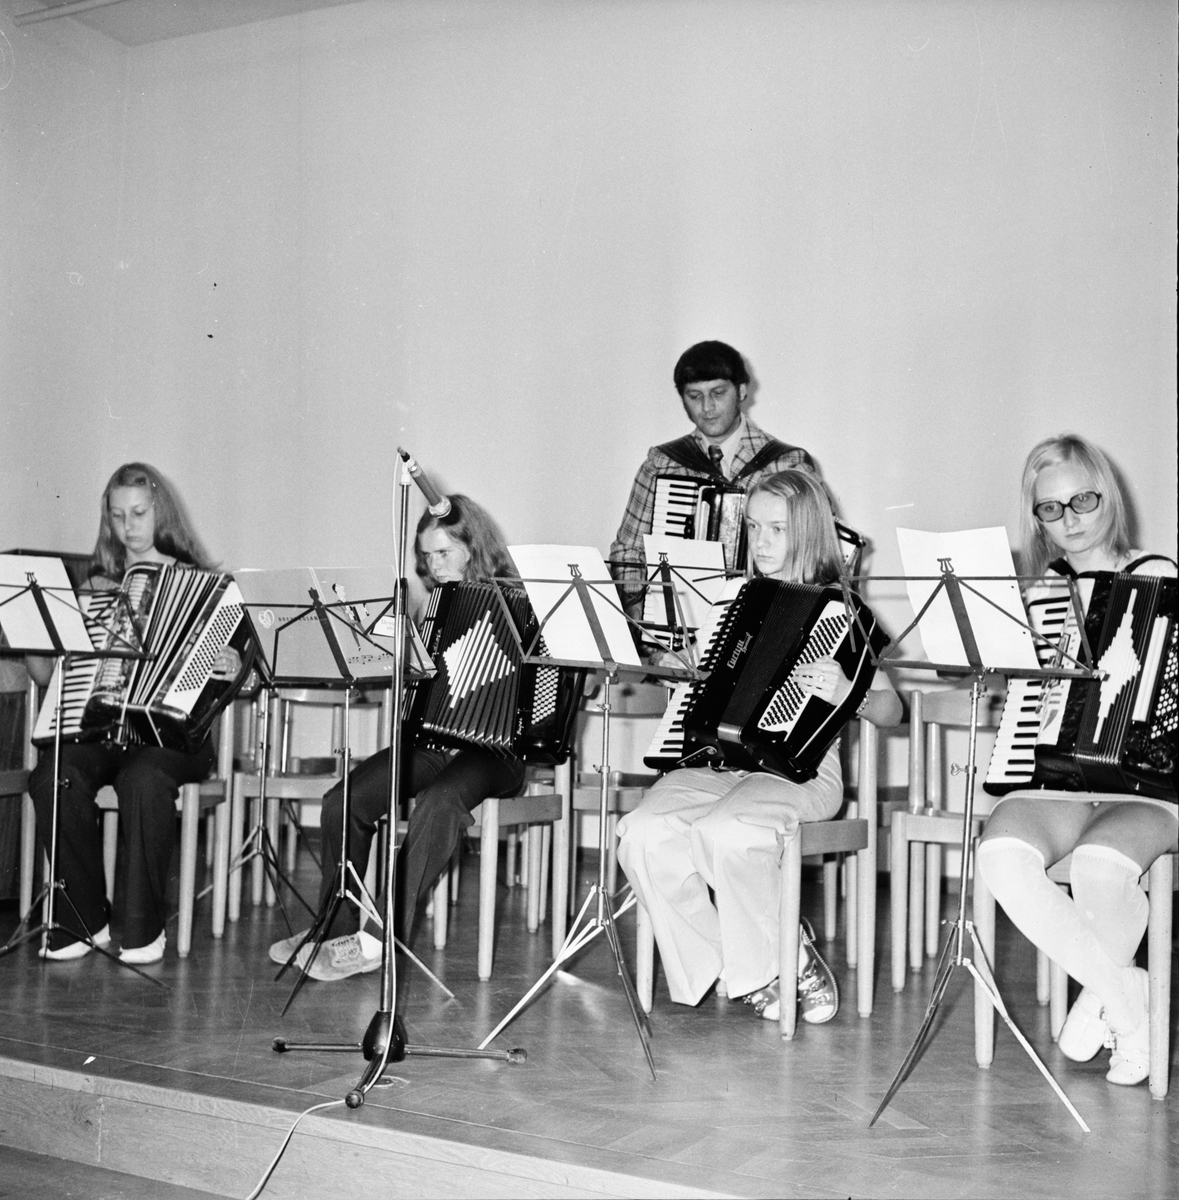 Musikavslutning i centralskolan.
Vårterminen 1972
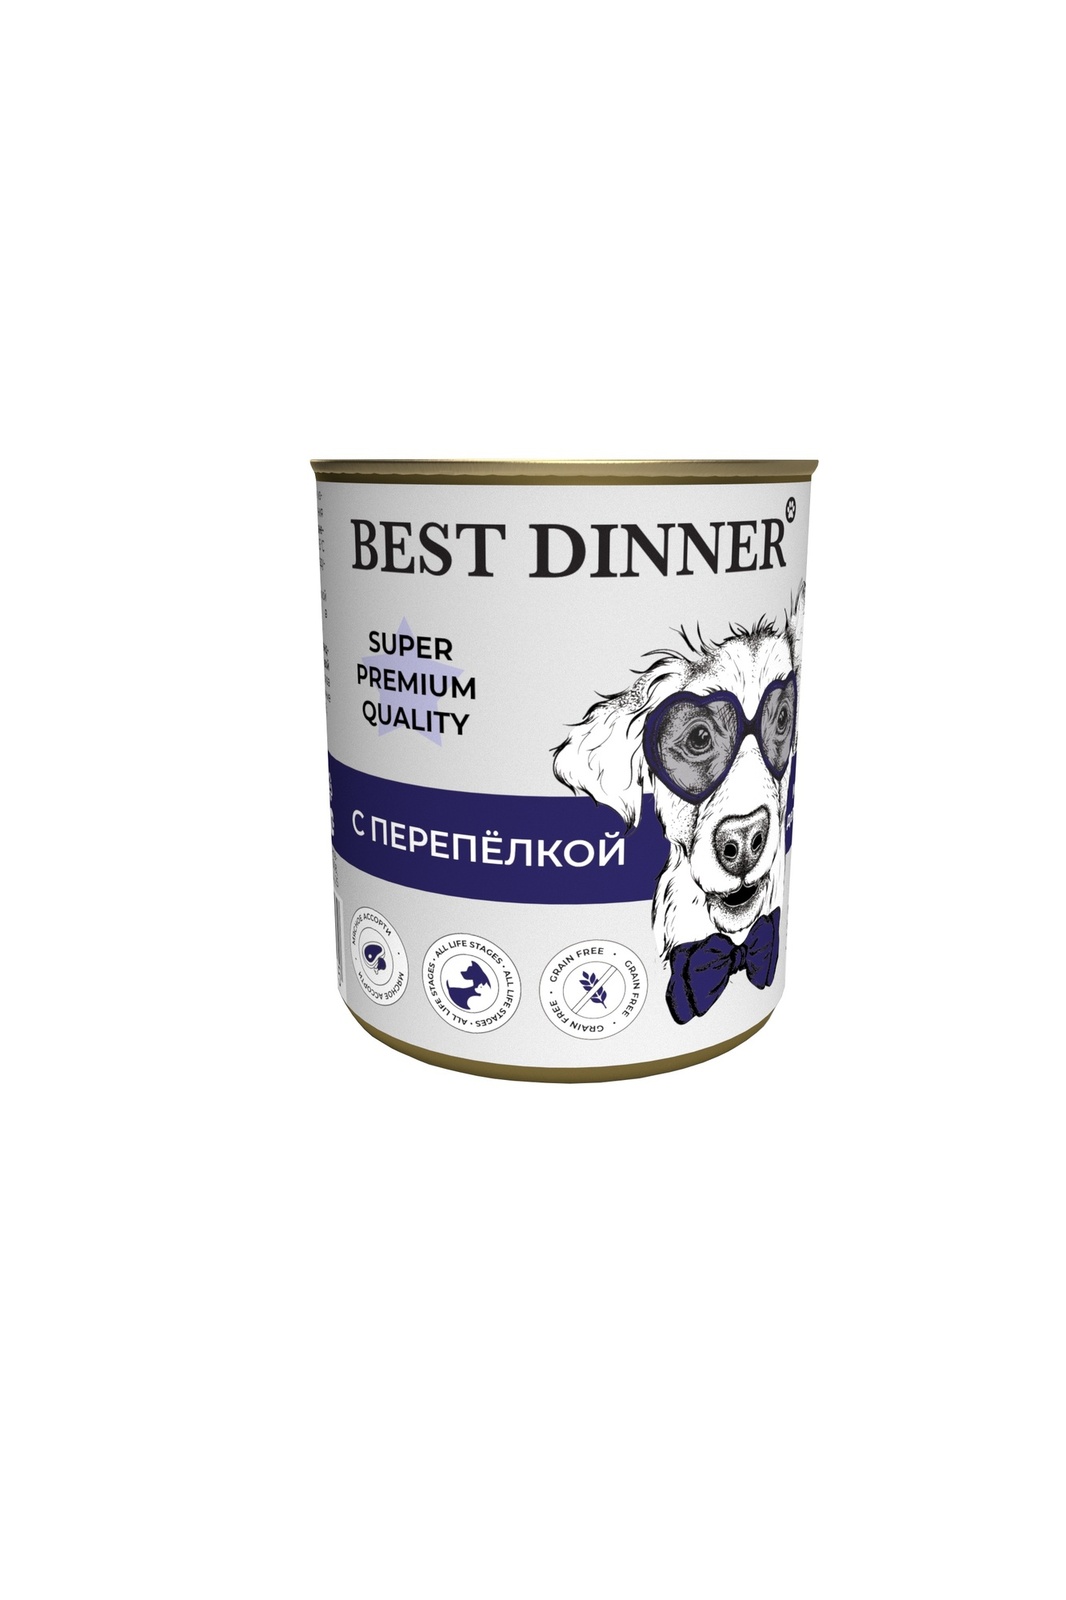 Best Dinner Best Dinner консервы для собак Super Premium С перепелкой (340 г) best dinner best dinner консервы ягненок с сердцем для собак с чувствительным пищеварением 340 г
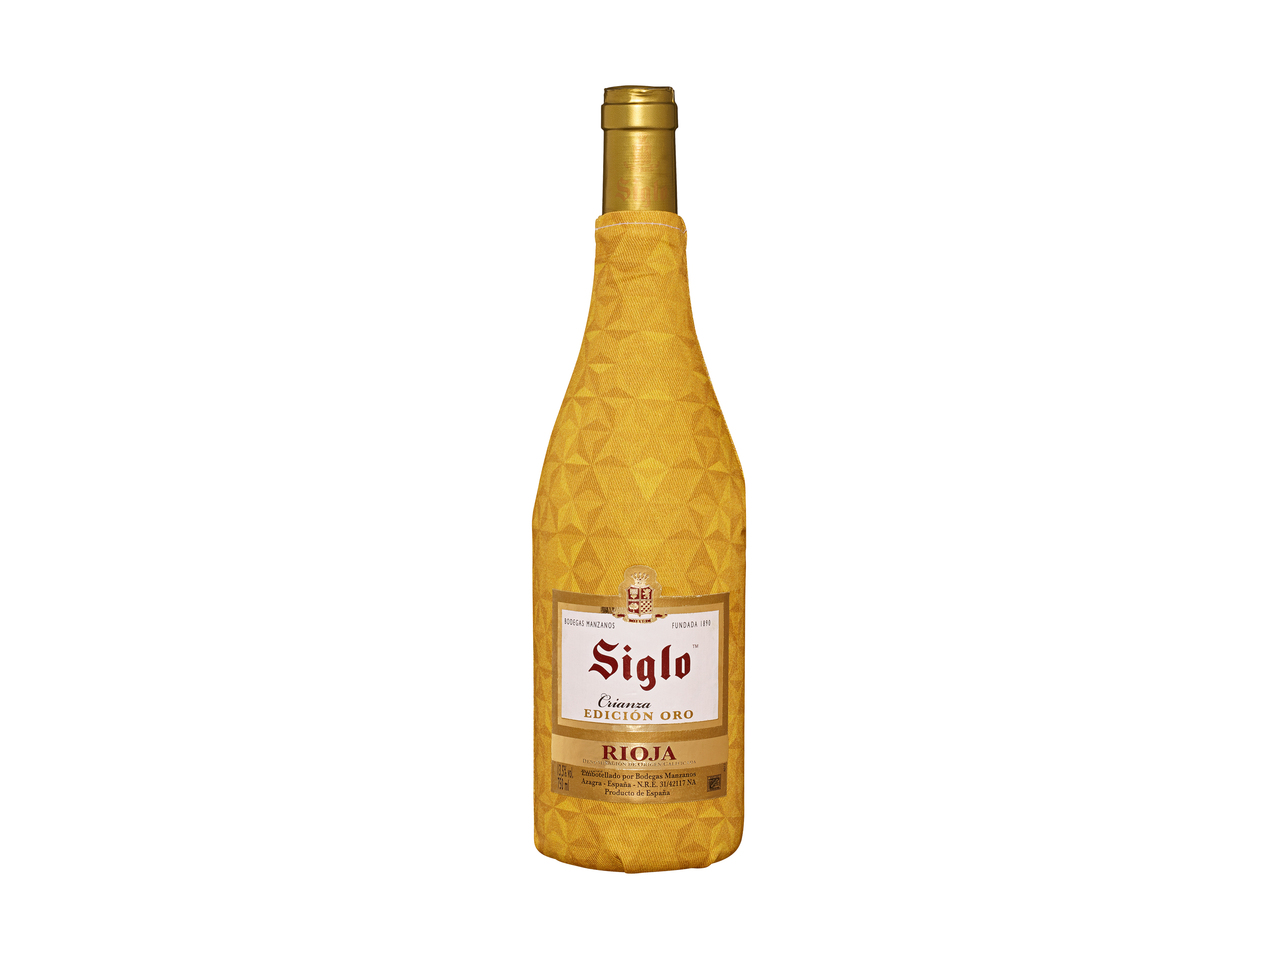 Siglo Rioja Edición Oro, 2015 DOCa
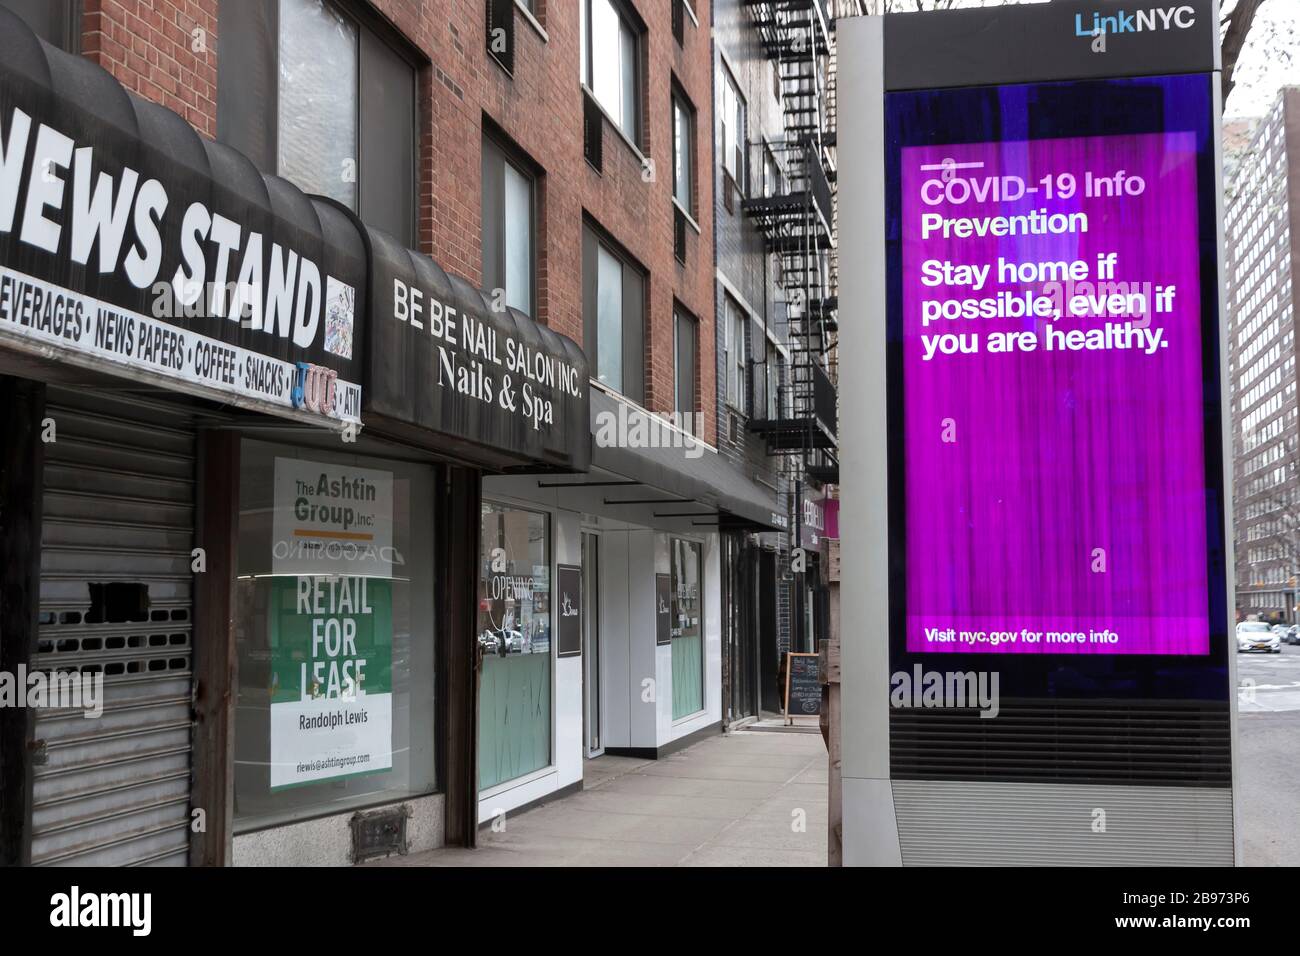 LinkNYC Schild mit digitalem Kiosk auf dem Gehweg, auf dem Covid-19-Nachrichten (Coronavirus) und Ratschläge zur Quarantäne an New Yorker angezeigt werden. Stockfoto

+++

- **Exercise requirements**
Nothing should be printed except the lines from the one with "Best Dinner Best Dinner консервы для" through the last line of the listing above, both ends included; please drop the pictures.

- **Response**
 Best Dinner Best Dinner консервы для собак Super Premium С перепелкой (340 г) best dinner best dinner консервы ягненок с сердцем для собак с чувствительным пищеварением 340 г
 Siglo Rioja Edición Oro, 2015 DOCa
 LinkNYC Schild mit digitalem Kiosk auf dem Gehweg, auf dem Covid-19-Nachrichten (Coronavirus) und Ratschläge zur Quarantäne an New Yorker angezeigt werden. Stockfoto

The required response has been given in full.